▶ **What to work on**: Nothing but the lines from the one holding "700 Blatt 9" to the final line of the listing below, both included, should be repeated, and each must match exactly. Omit pictures.

▶ **Data provided**:
- - -

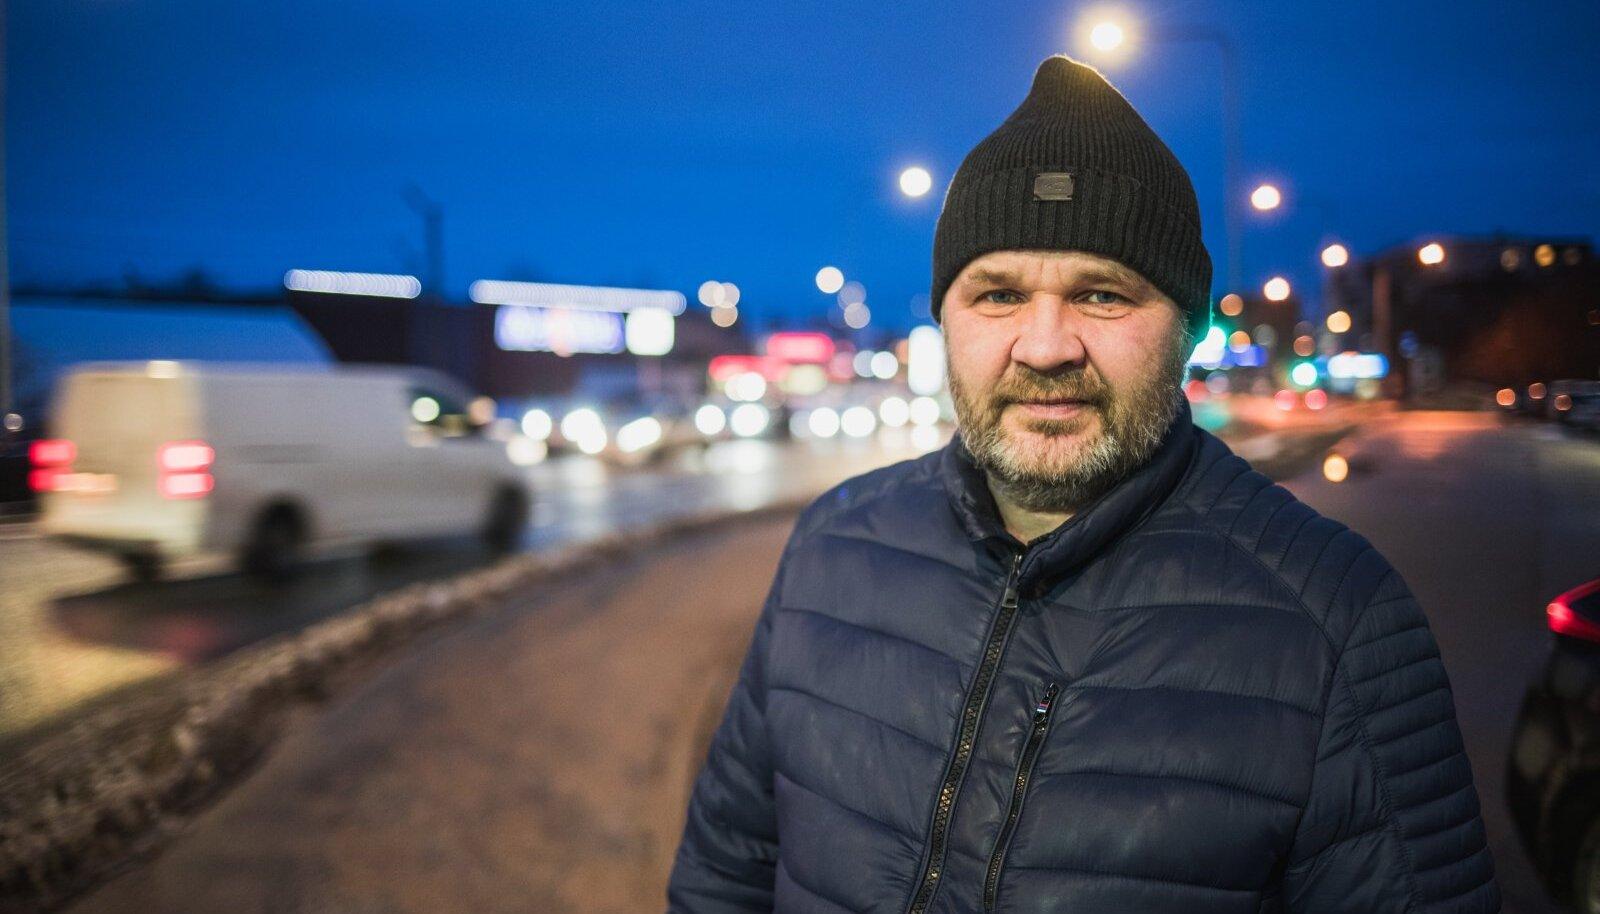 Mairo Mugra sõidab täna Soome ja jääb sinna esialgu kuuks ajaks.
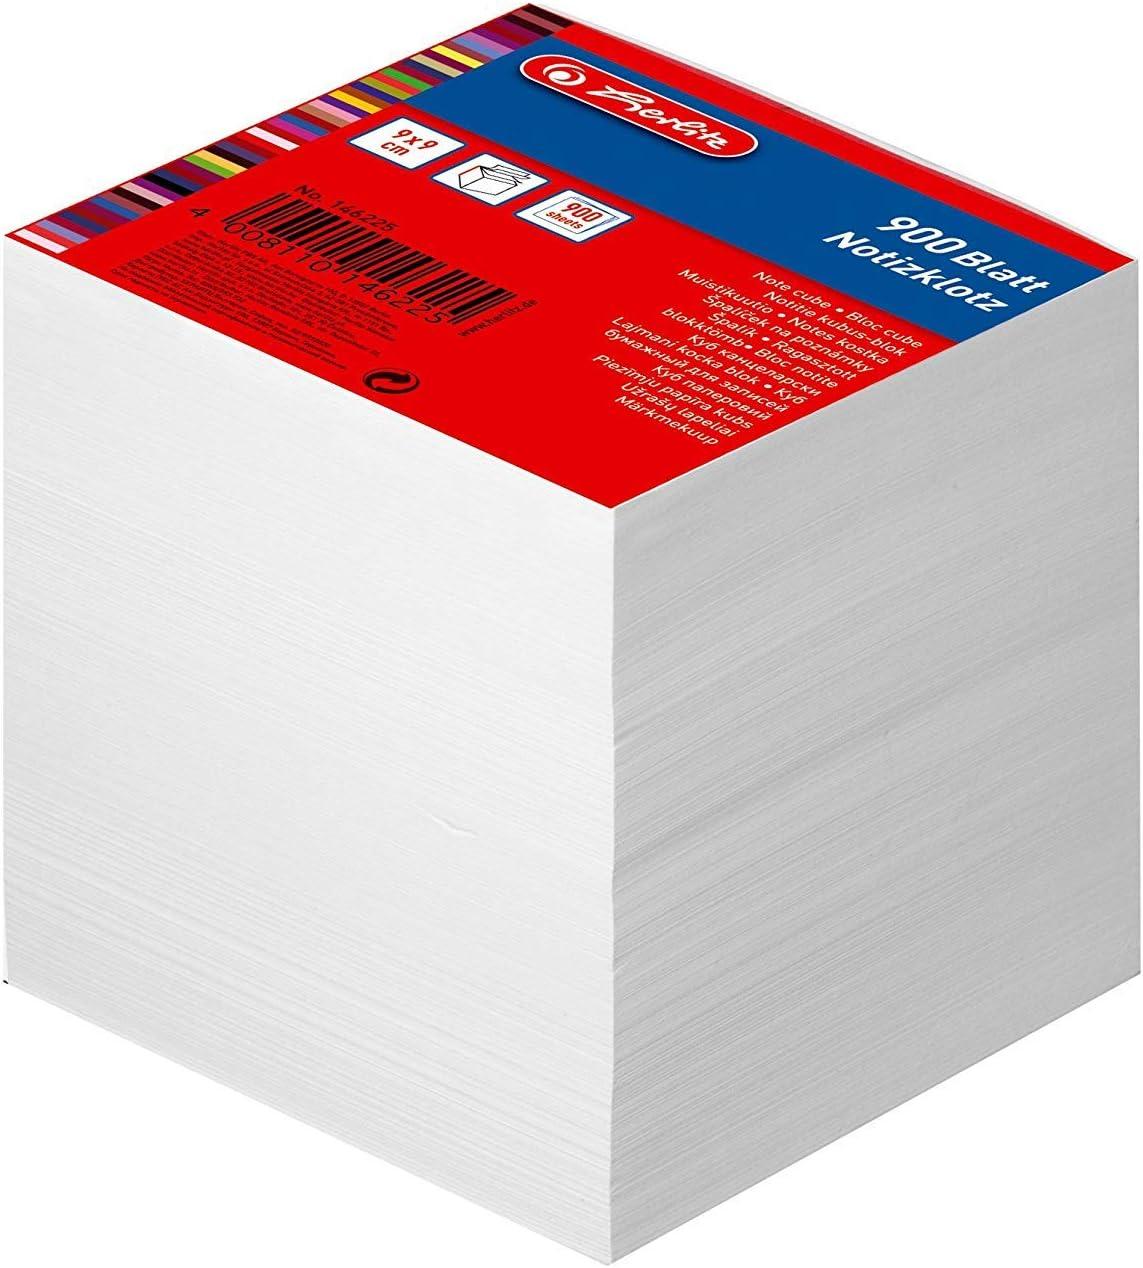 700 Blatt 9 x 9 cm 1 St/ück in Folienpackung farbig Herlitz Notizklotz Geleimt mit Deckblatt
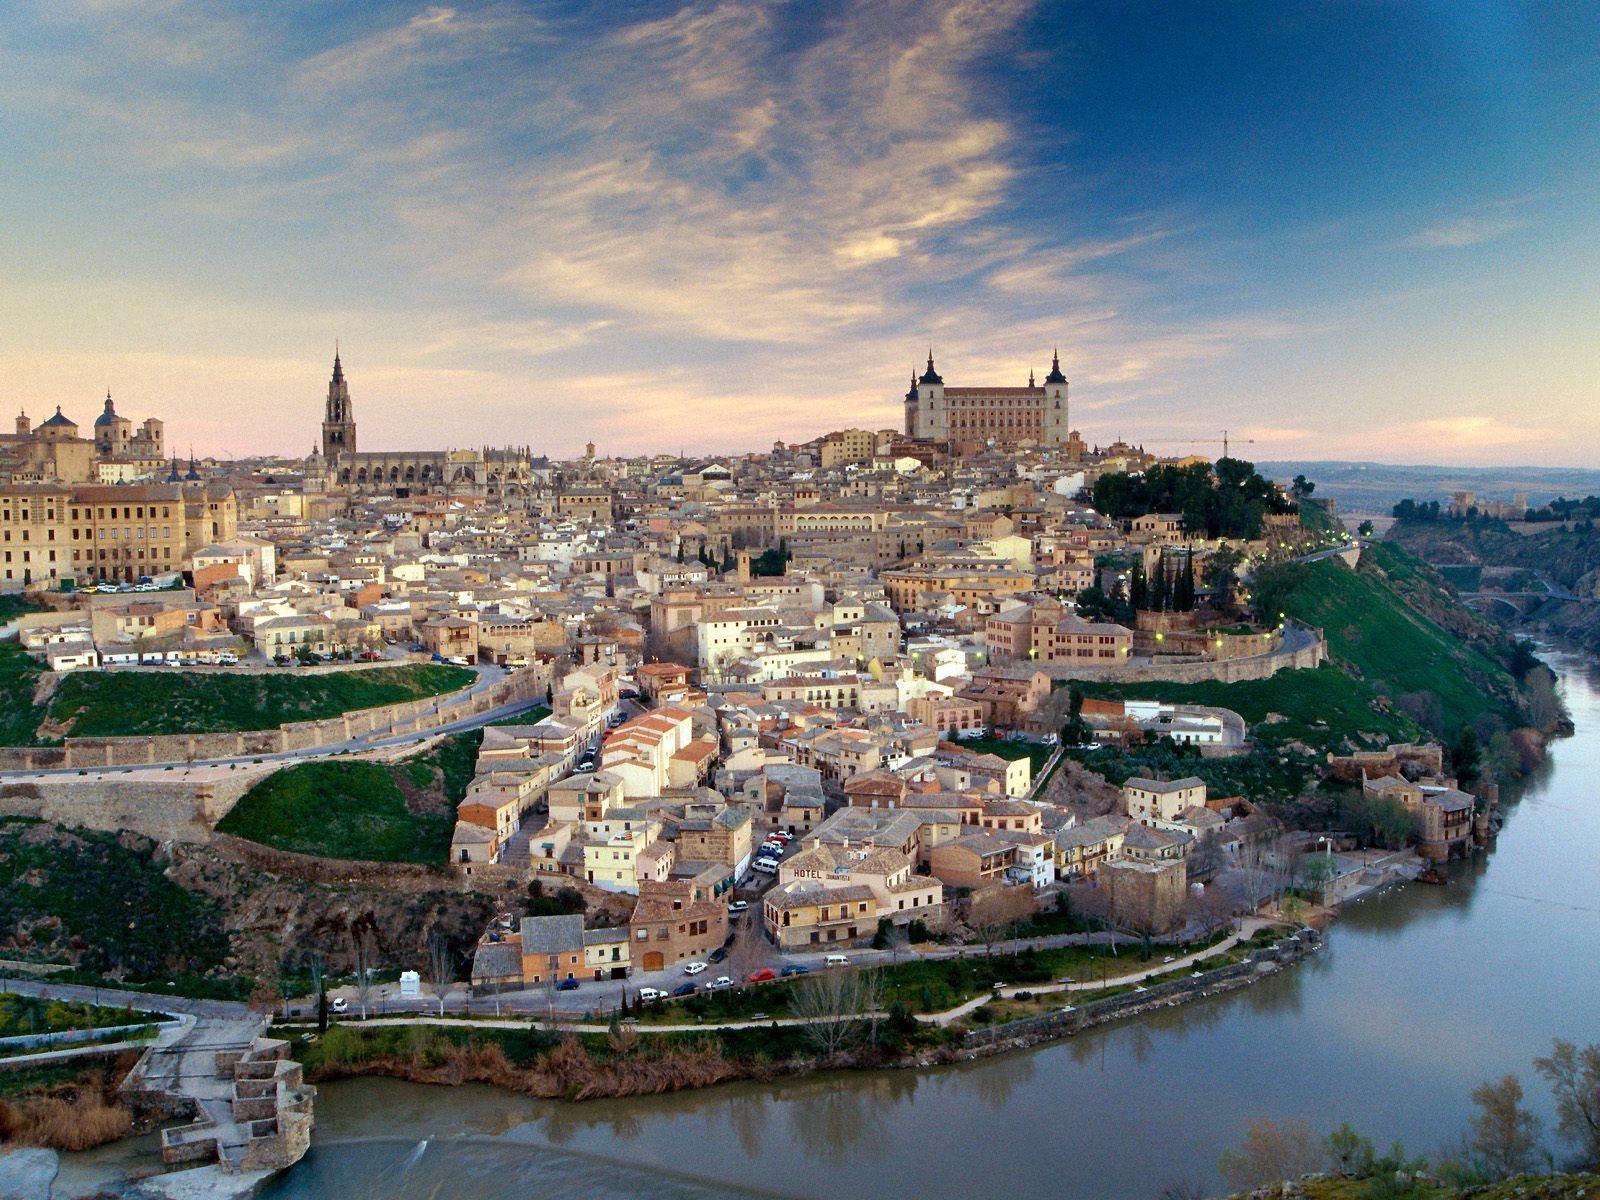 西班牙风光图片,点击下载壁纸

- - -

▶ **Task result**:
 700 Blatt 9 x 9 cm 1 St/ück in Folienpackung farbig Herlitz Notizklotz Geleimt mit Deckblatt
 西班牙风光图片,点击下载壁纸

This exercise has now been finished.